Determining Fault in Personal Injury Cases

Negligence definition, important for legal malpractice case

Last Updated on April 6, 2021 by Legal Team

Negligence: Legal Nuances and Practical Pointers

We’ve all had our share of legal troubles (small or big) and life is full of surprises, so there’s no ruling out days we find ourselves in a legal problem. Personal injury lawsuits (such as car accidents, medical negligence, slip and fall cases, etc.) are legal claims involving injury to the body, mind, or emotions. Interestingly, the majority of all personal injury cases involve car accidents. Additionally, only 4% of all personal injury cases go to trial, with most of them being settled out of court.

Personal injuries can arise in various ways or situations, ranging from a slip and fall to product liability and chemical exposure, which makes this area of law very complicated.

Determining Negligence

When the injured party decides to seek relief (i.e. monetary compensation) from the party which caused the injury, a complex process of determining fault ensues. Determining fault becomes essential, as it helps in affixing liability on one or more persons and specifying the amount of payable damages.
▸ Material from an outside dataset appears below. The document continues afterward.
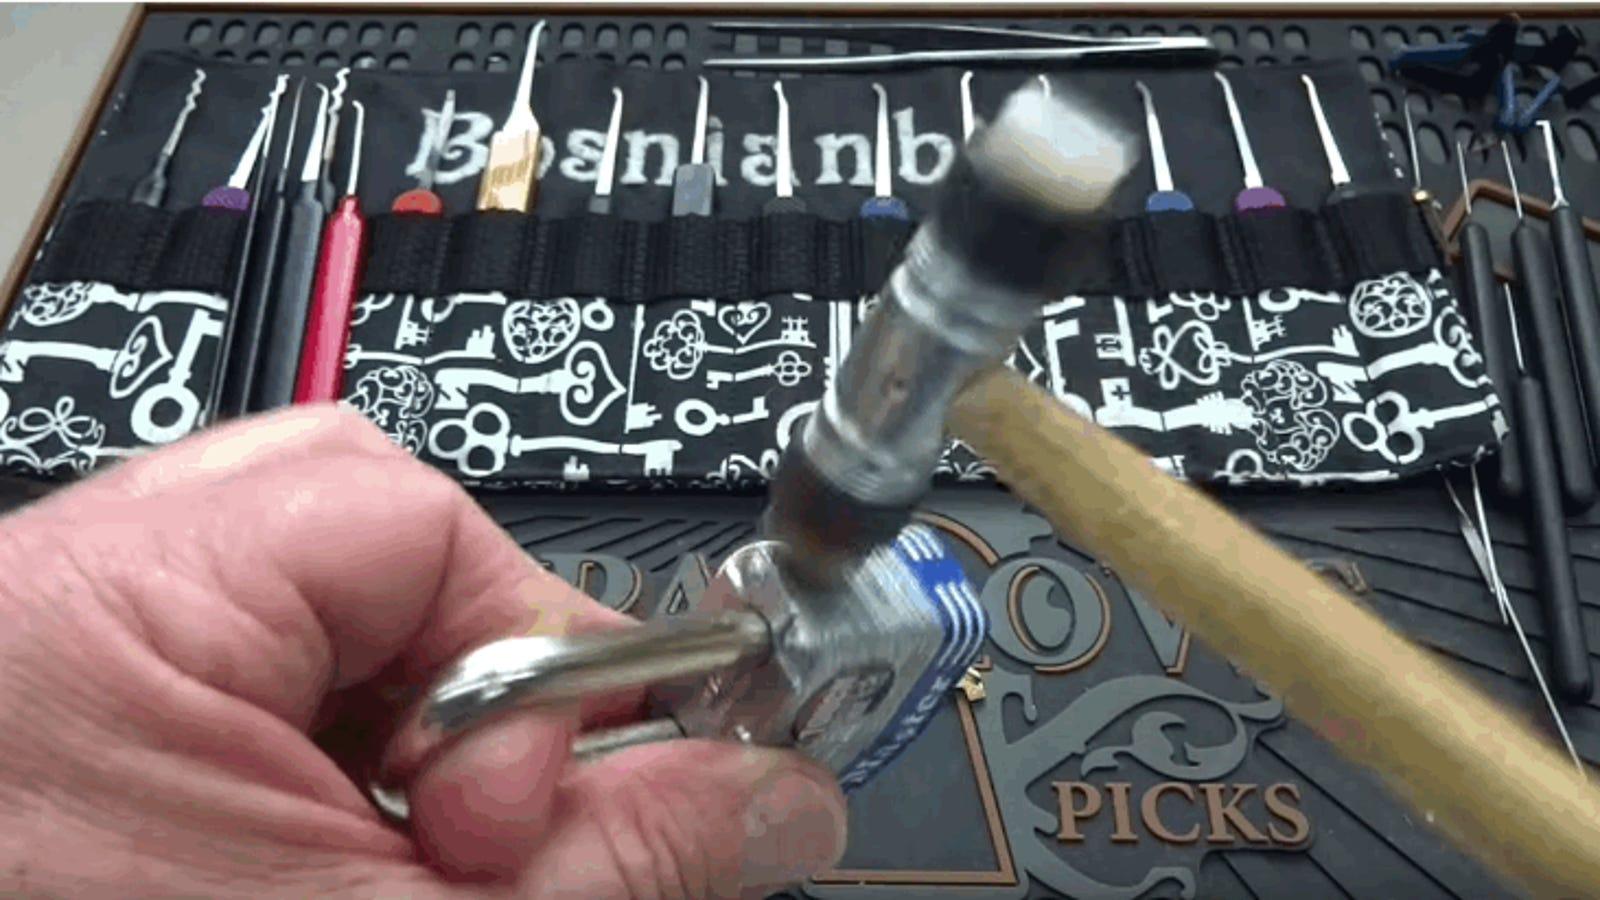 Cómo abrir un candado Master Lock en segundos con solo unos golpecitos
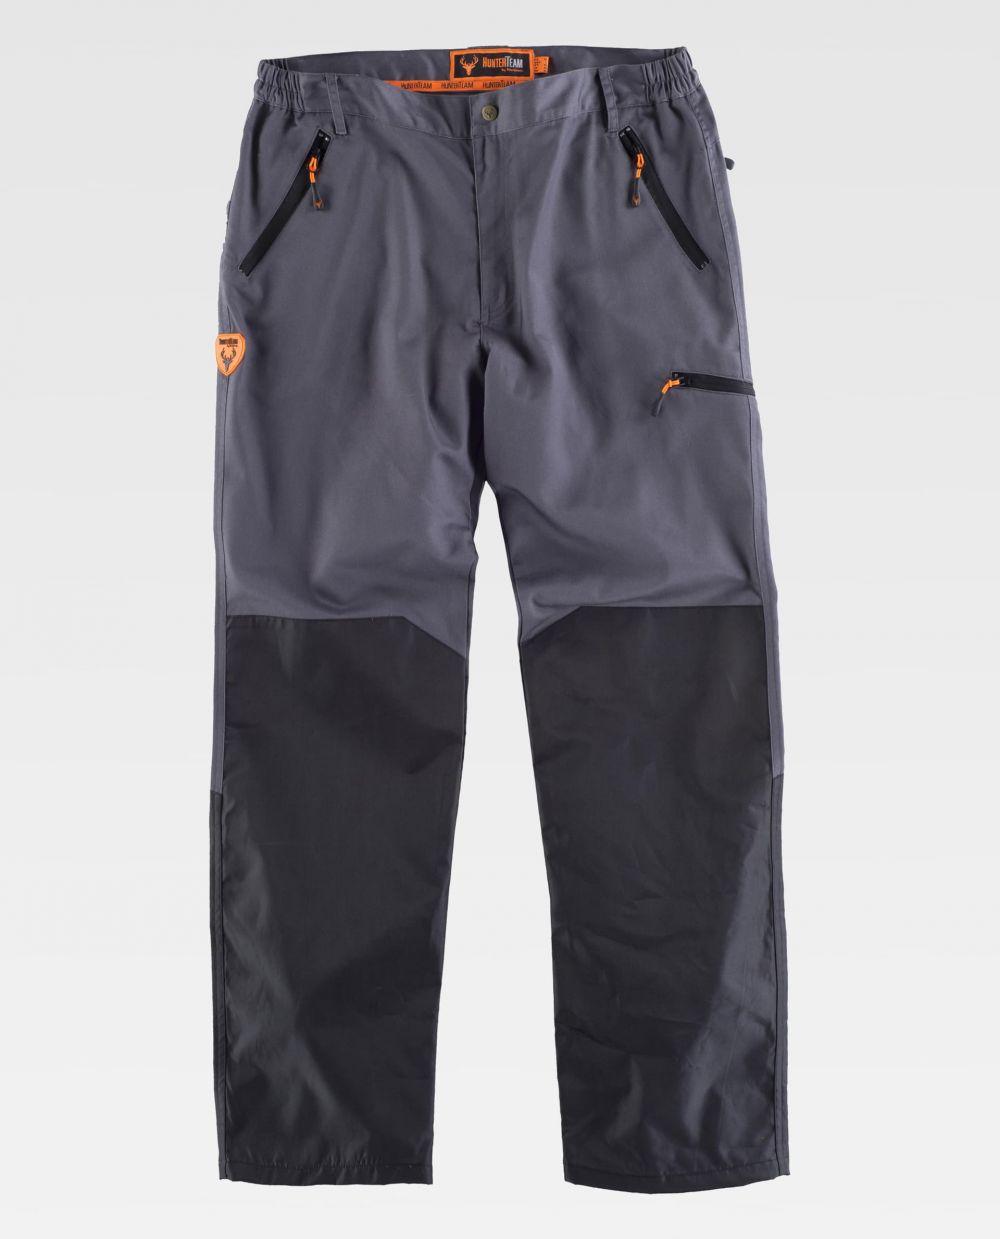 Pantalones de trabajo workteam s8335 de poliéster con logo vista 2

Unfortunately, there is no one rule applicable to all cases of personal injury across the United States – every state has its own set of rules to determine fault. Generally speaking, the states’ liability regimes can be put into two broad buckets: 

Two Types of Negligence

1) contributory negligence and
2) comparative negligence

Premises liability and dangerous liability hazard sign not to slip

1. Contributory Negligence

Contributory negligence means that the only way you can find the defendant guilty is if they are the only if the plaintiff wasn’t to blame at all. Mr. Williams’ speeding car rams into Mr. Smith’s car, causing him serious injuries. Here, Mr. Williams will be liable only if no fault can be attributed to Mr. Smith. However, if for whatever reason, Mr. Smith contributed in the crash in some way, Mr. Williams won’t be liable for the damages. Seems harsh? It is.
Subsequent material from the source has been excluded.